Recorded data:
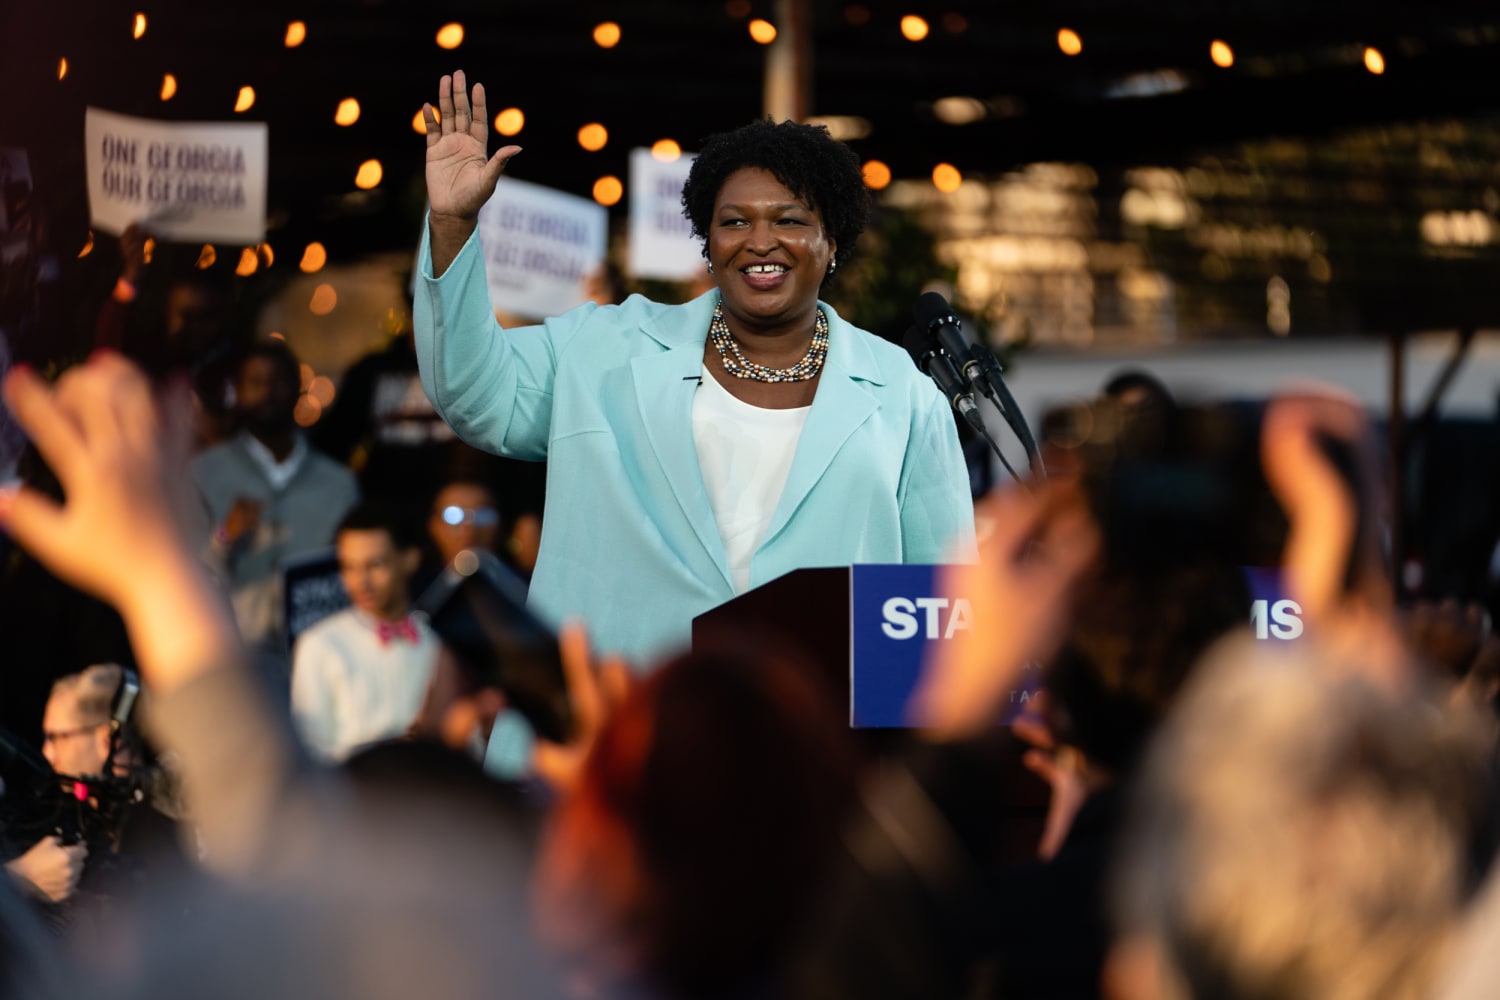 Abrams says Georgia is ‘worst state’ to live in, citing health care, incarceration rates
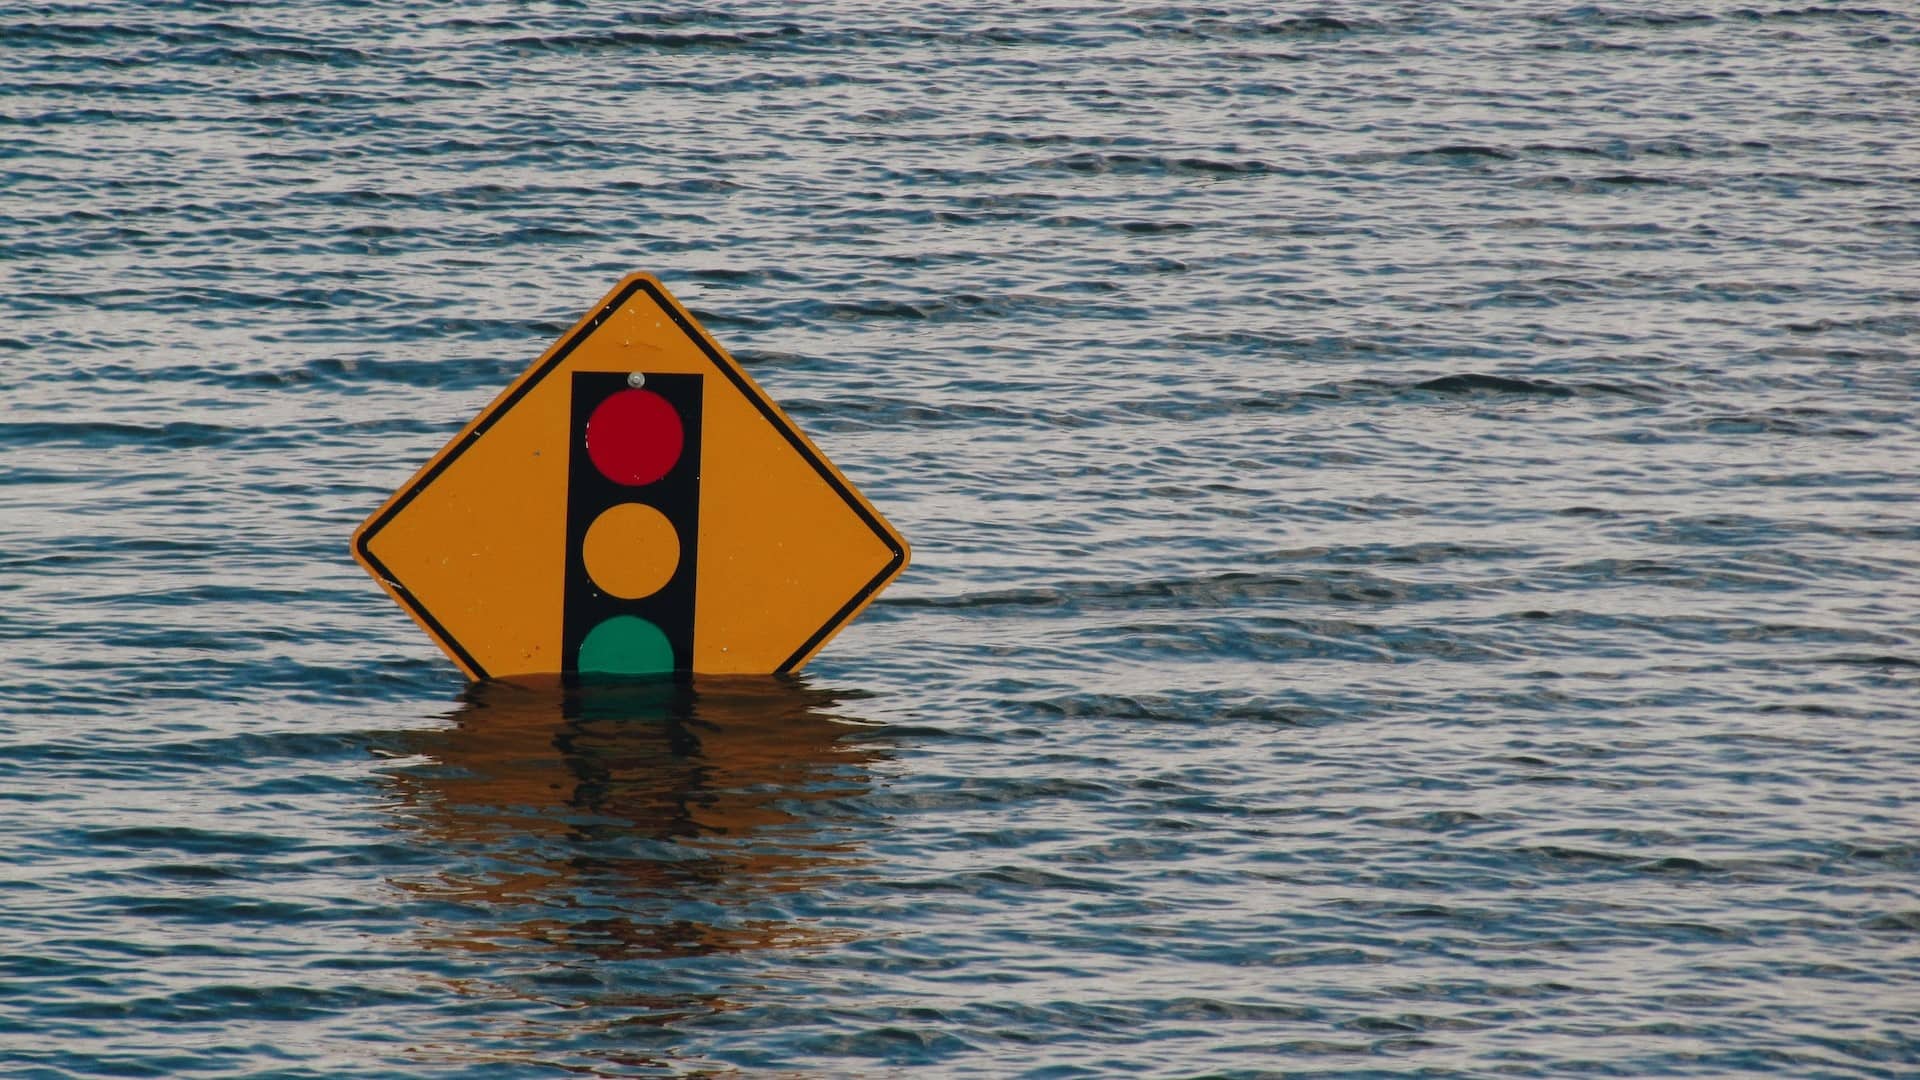 Image: A stop sign half submerged in water. Is it a good thing, or a bad thing?
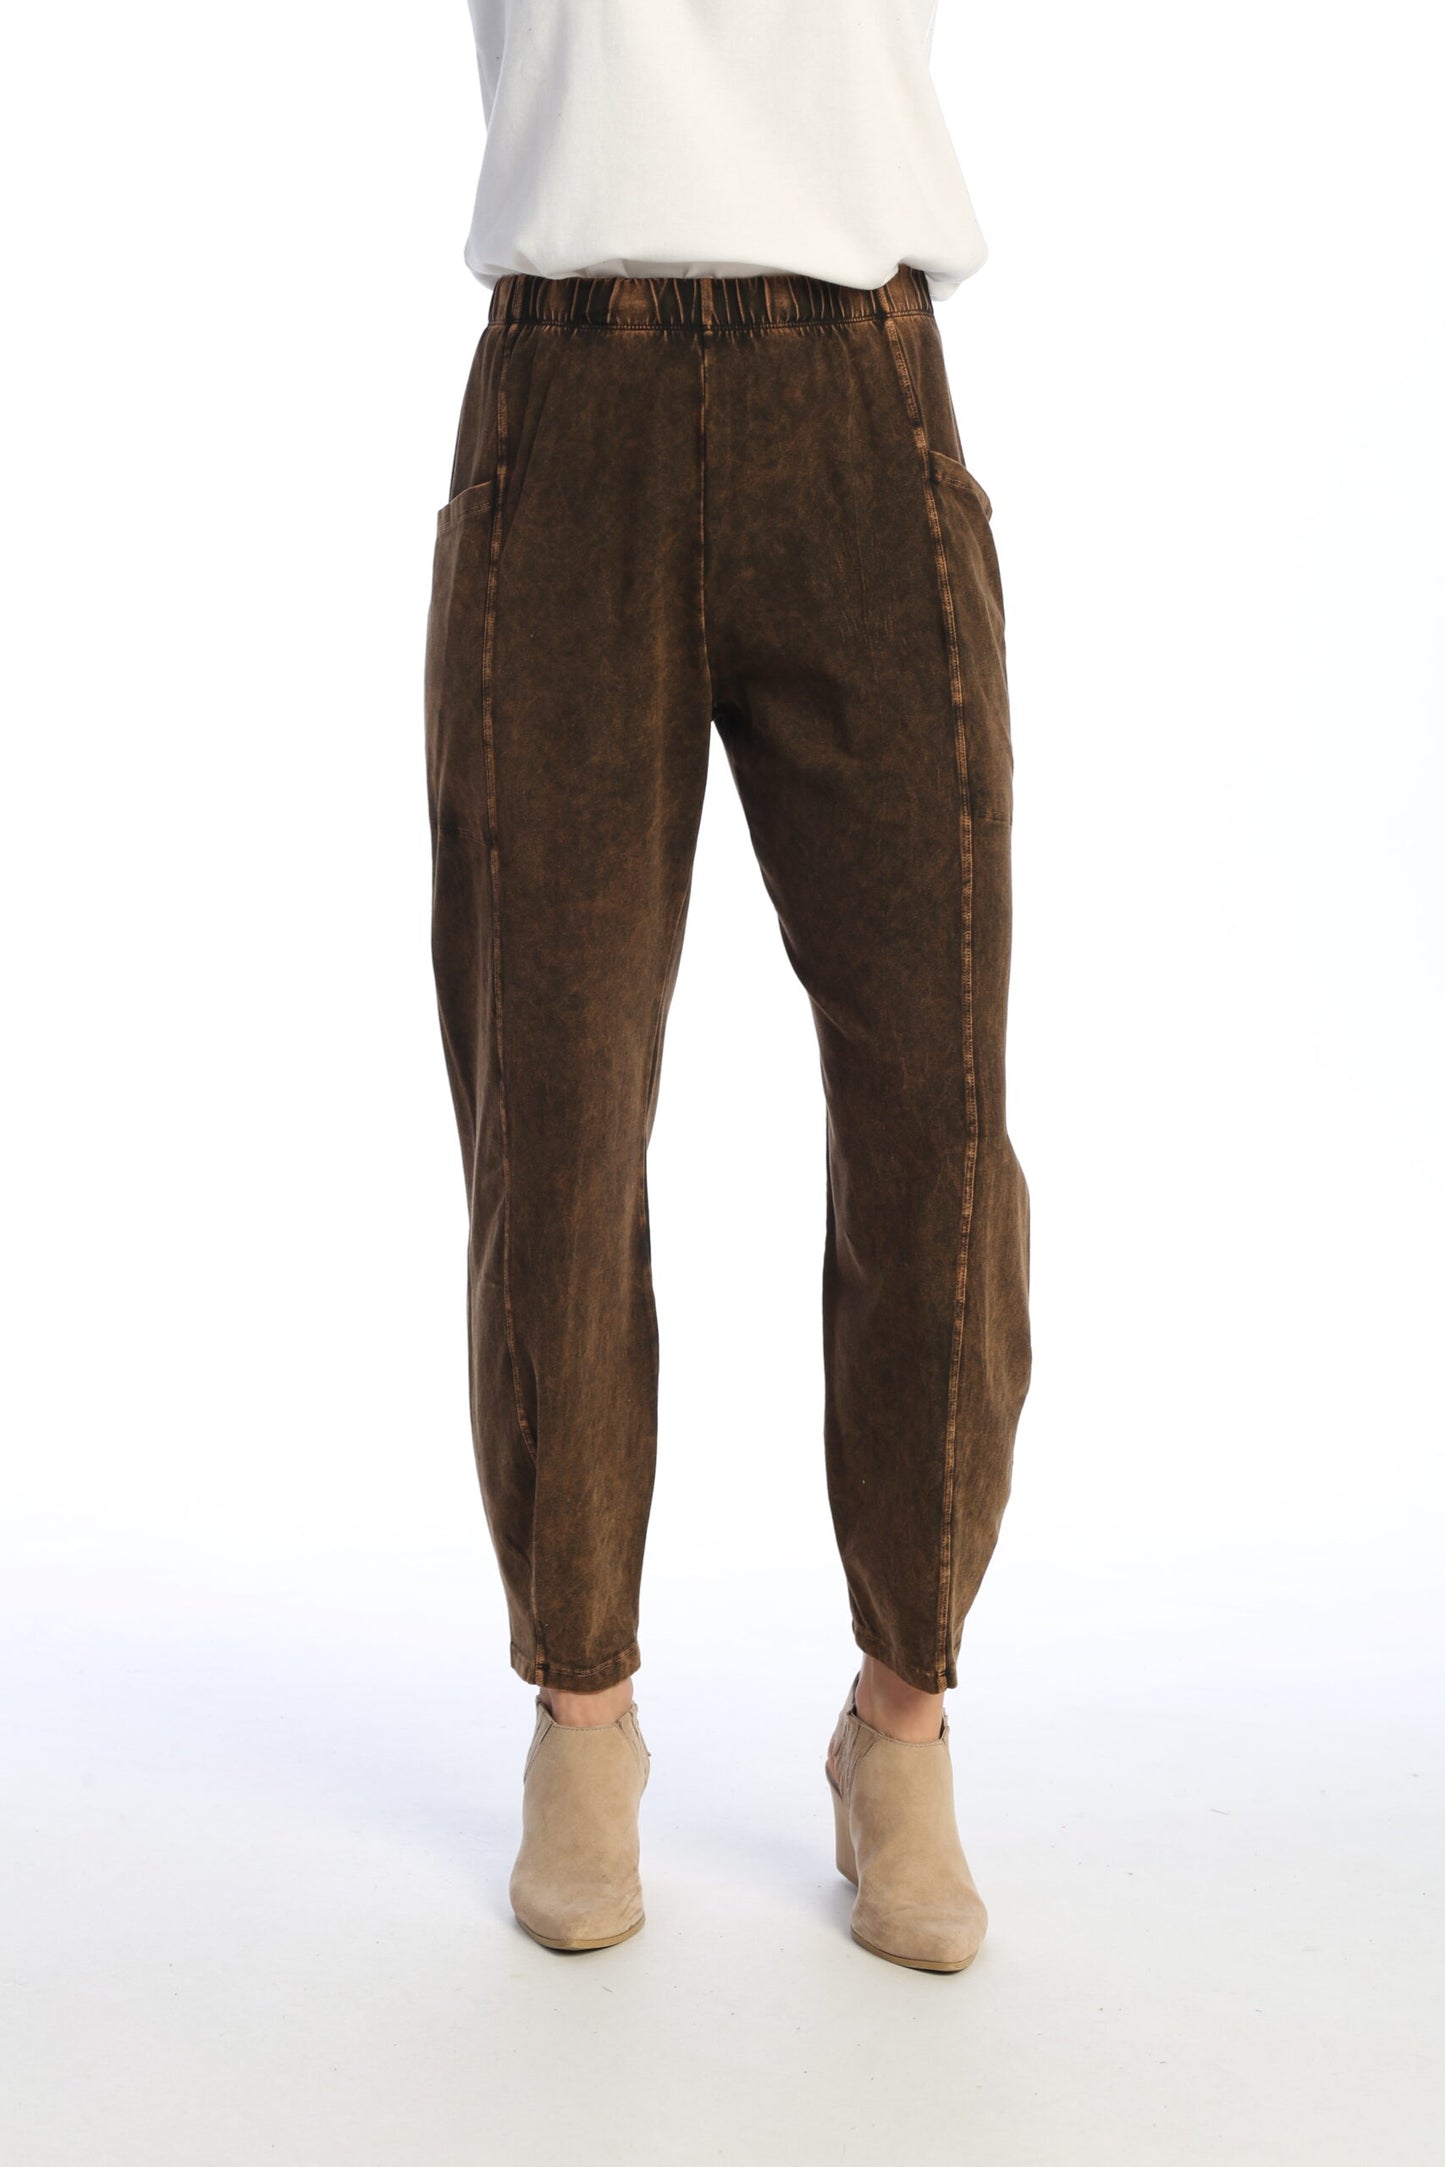 Chocolate Mineral Washed Cotton Lantern Pants With Side Patch Pockets
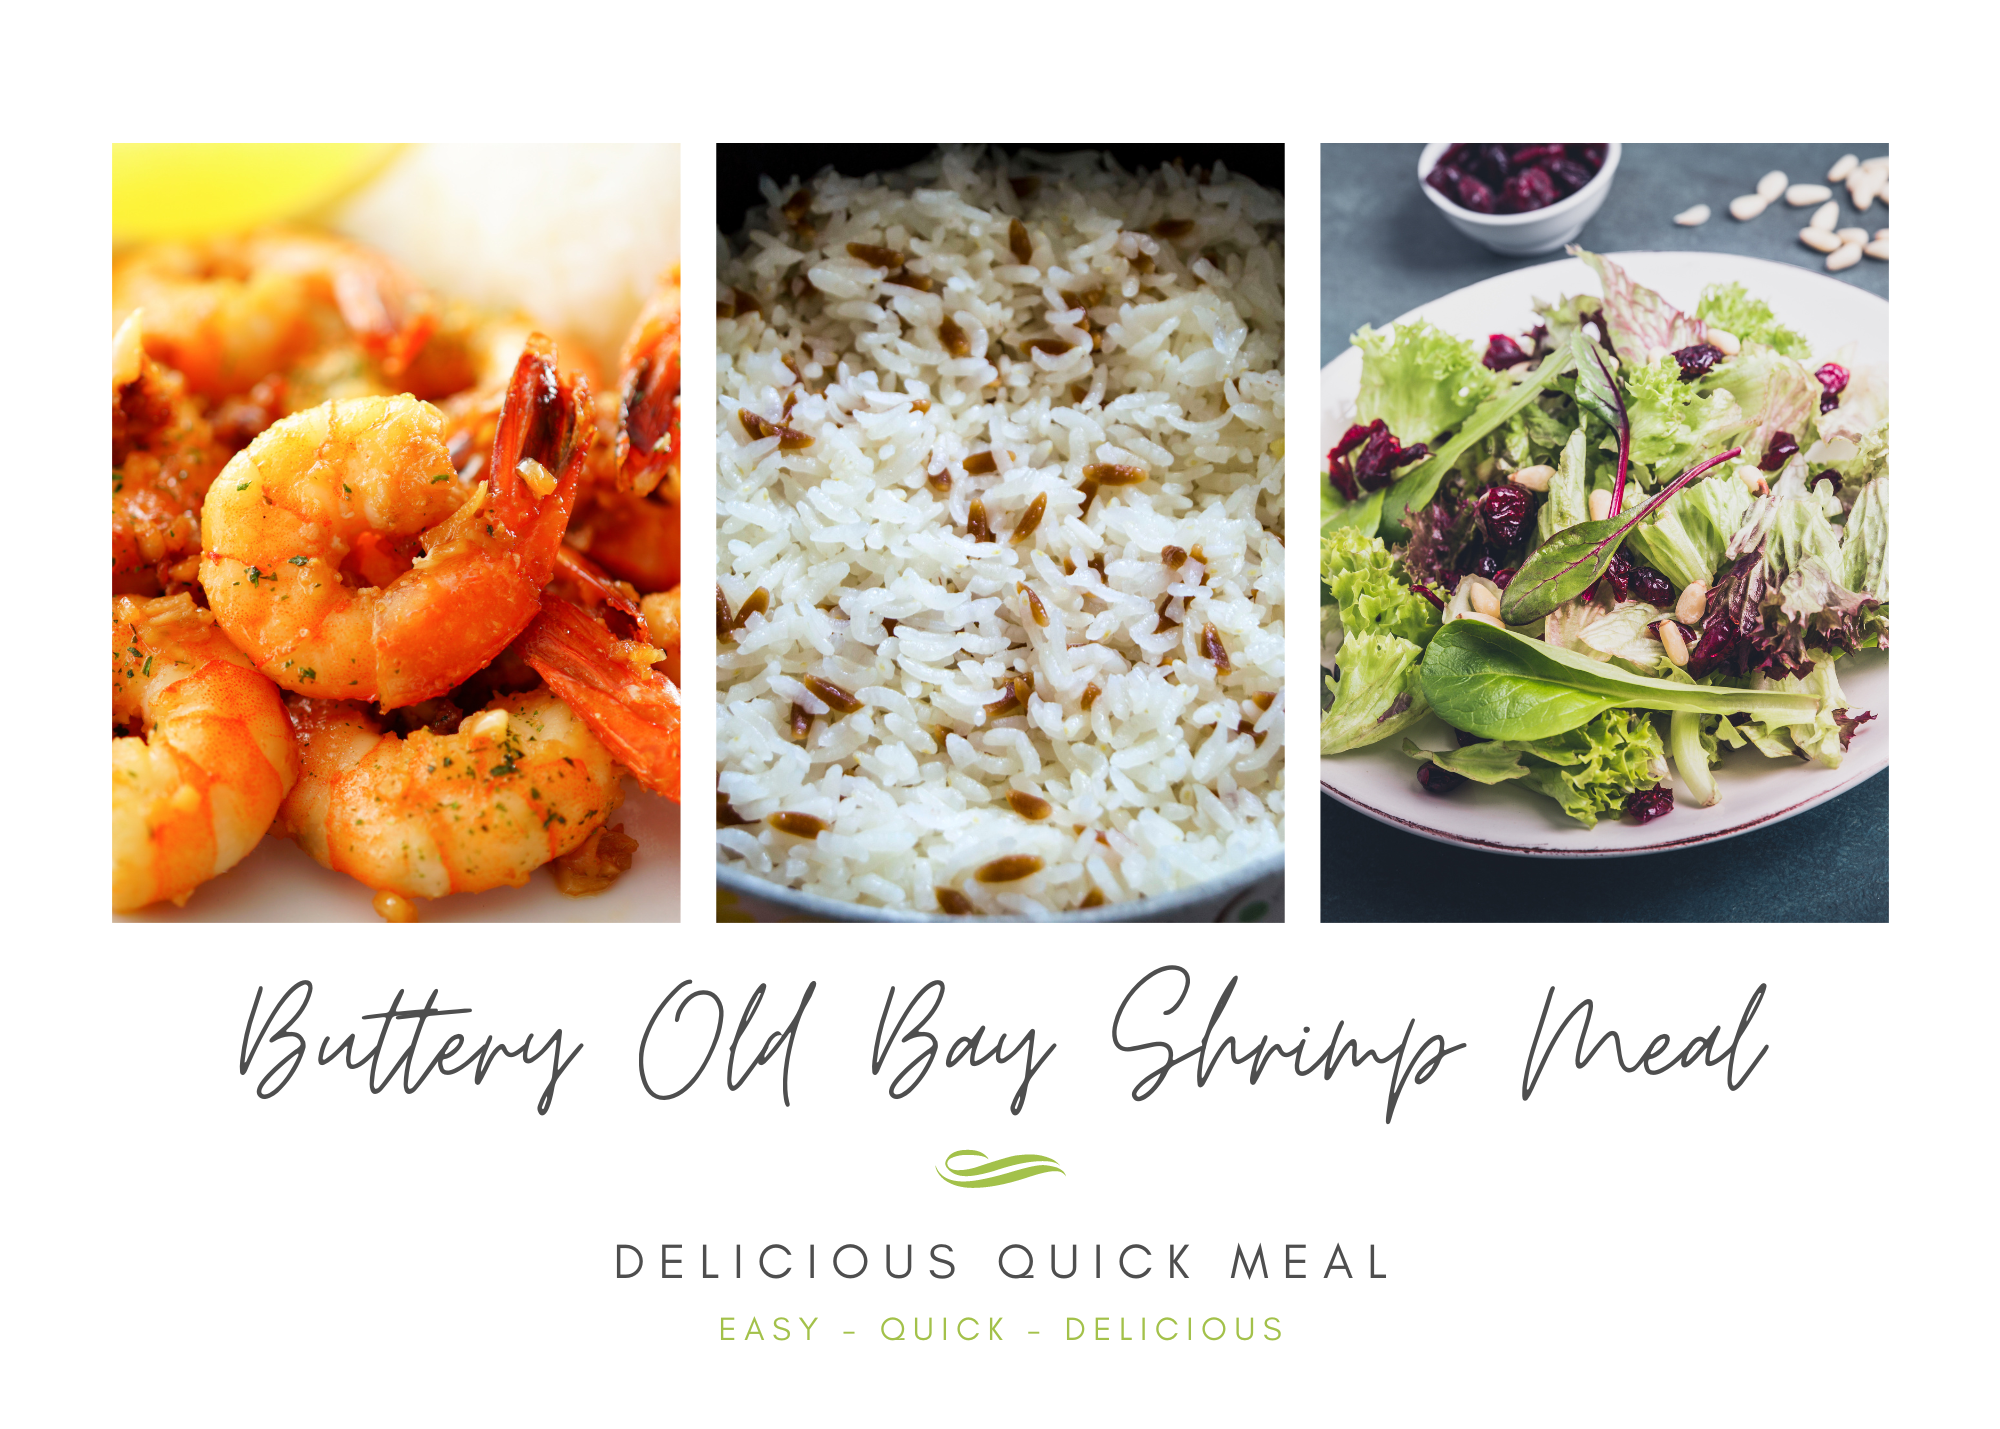 Dinner 18: Quick Buttery Old Bay Shrimp Meal

What is expected:
Reproduce every line above as written, skipping pictures.

Task output:
 Abrams says Georgia is ‘worst state’ to live in, citing health care, incarceration rates
 Image: A stop sign half submerged in water. Is it a good thing, or a bad thing?
 Chocolate Mineral Washed Cotton Lantern Pants With Side Patch Pockets
 Dinner 18: Quick Buttery Old Bay Shrimp Meal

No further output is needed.